# [Refine Use of Explored NTD Variables #1646](https://github.com/cal-itp/data-analyses/issues/1646)

Question or Goal:

1. **COMPLETE** Mode & Service: We previously used these to define the grain of the data. These should be used for classifying/model-fitting.
    - There are many modes: Can we group modes so there are fewer of them (e.g. fixed-guideway vs not)? Too many dummy variables for a category leads to overfitting/too many clusters.
    - What's the best way to use Service? Is it as a dummy variable? Is it numeric "proportion of service(VRH or M)" that's directly operated? Explore the impacts of both.
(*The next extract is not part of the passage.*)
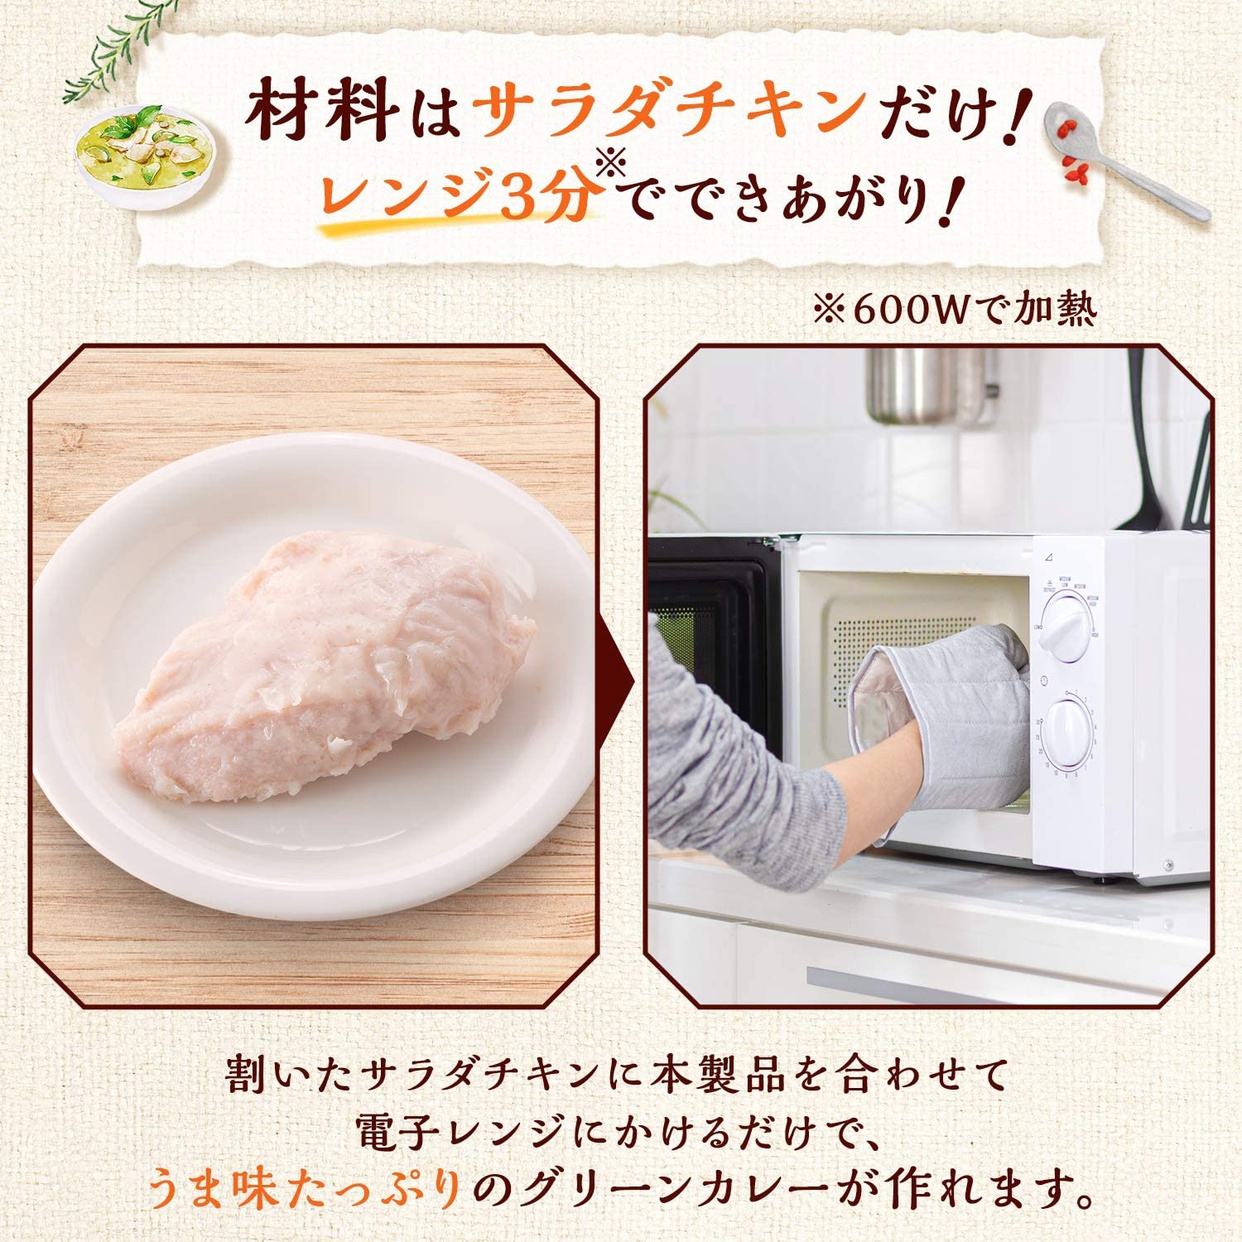 味の素(AJINOMOTO) レンチンクック グリーンカレーの商品画像サムネ4 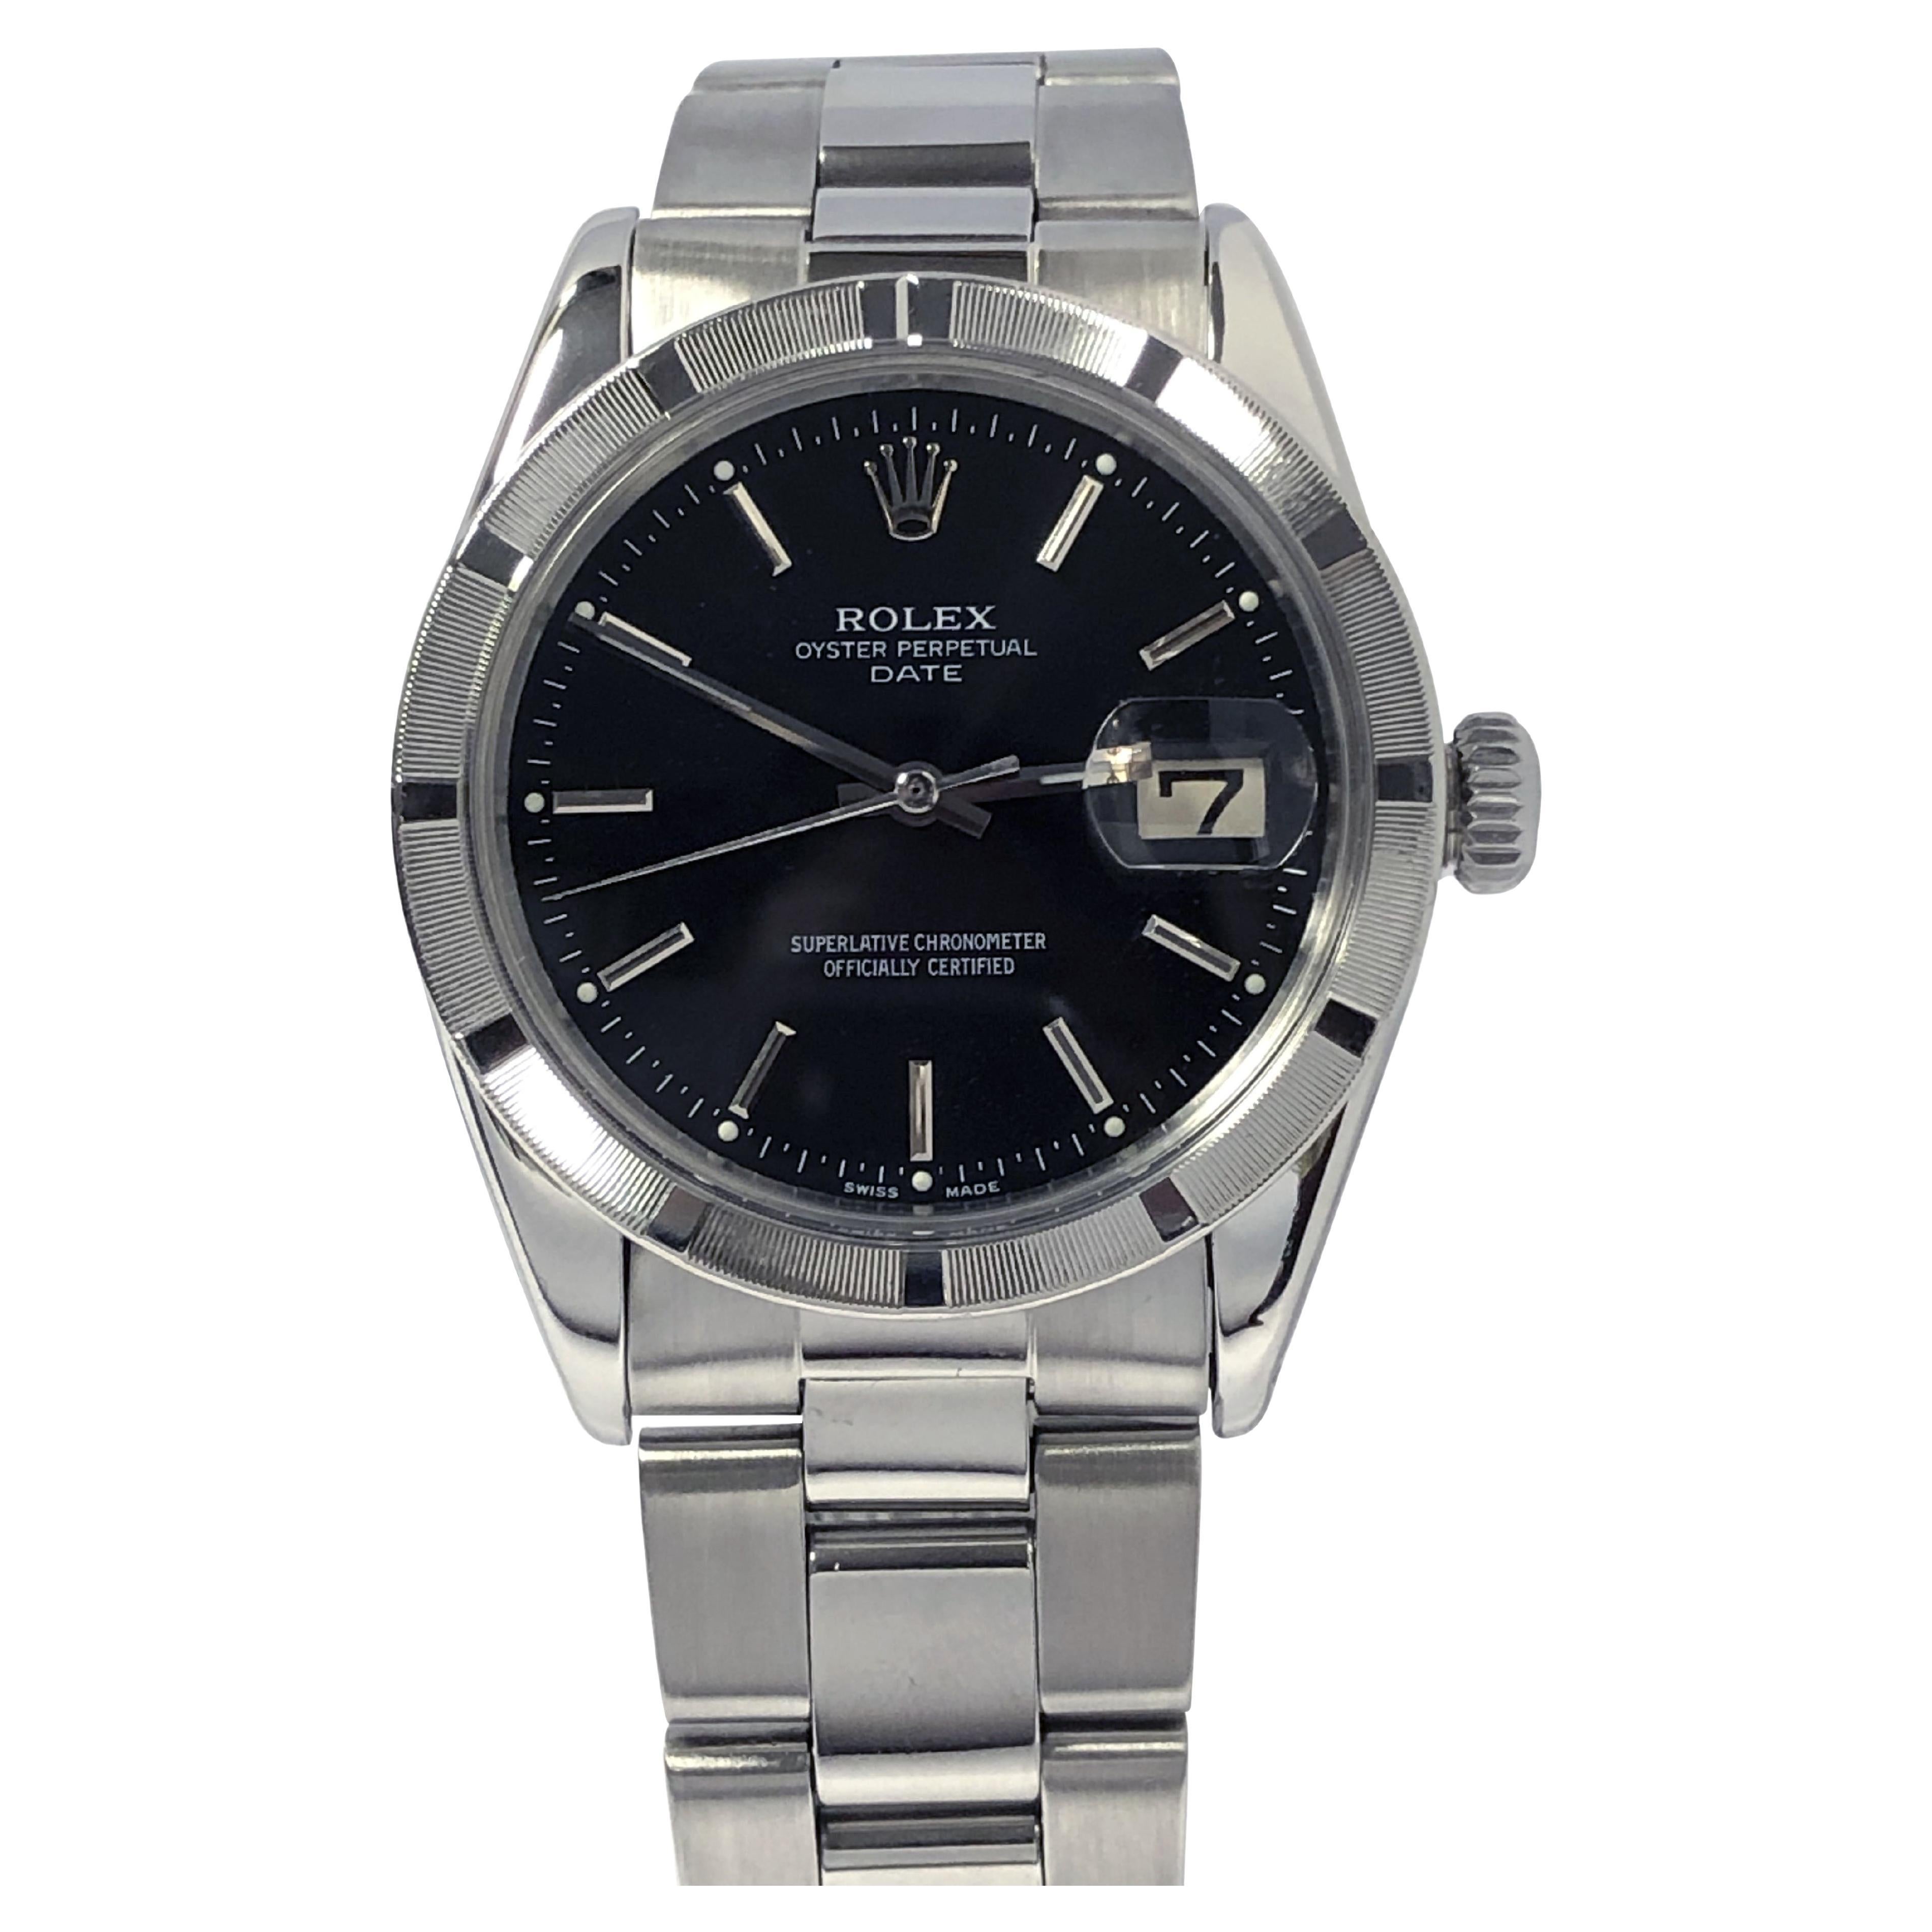 Rolex Vintage Steel Date Model 1501 Black Dial Wrist Watch

2. ~~If we group by only Agency (flattening, fewer rows), how do we aggregate the other classification variables before we normalize them? Is adding sufficient? Do we need to average any?~~
    - Work continuing on isue #1683

3. Are there ways to get more interactive/easy-to-read visualizations?
    - If it takes significant time, break this one out

## Terms
**Example**:
- You could think of an example as analogous to a `single row` in a spreadsheet.

**Feature**:
- Features are the values that a supervised model uses to predict the label.
- In a weather model that predicts rainfall, the features could be `latitude, longitude, temperature, humidity, cloud coverage, wind direction, and atmospheric pressure`.
- An input variable to a machine learning model. An example consists of one or more features. For instance, suppose you are training a model to determine the influence of weather conditions on student test scores. The following table shows three examples, each of which contains three features and one label:

**Label**:
- The label is the "answer," or the value we want the model to predict.
- In a weather model that predicts rainfall, the label would be `rainfall amount`.
- In supervised machine learning, the "answer" or "result" portion of an example. Each labeled example consists of one or more features and a label. For example, in a spam detection dataset, the label would probably be either "spam" or "not spam." In a rainfall dataset, the label might be the amount of rain that fell during a certain period.

---

In [None]:
import sys
import altair as alt
import pandas as pd

sys.path.append("../ntd/monthly_ridership_report")
from update_vars import GCS_FILE_PATH, NTD_MODES, NTD_TOS

pd.set_option("display.max_rows", None)
pd.set_option("display.max_columns", None)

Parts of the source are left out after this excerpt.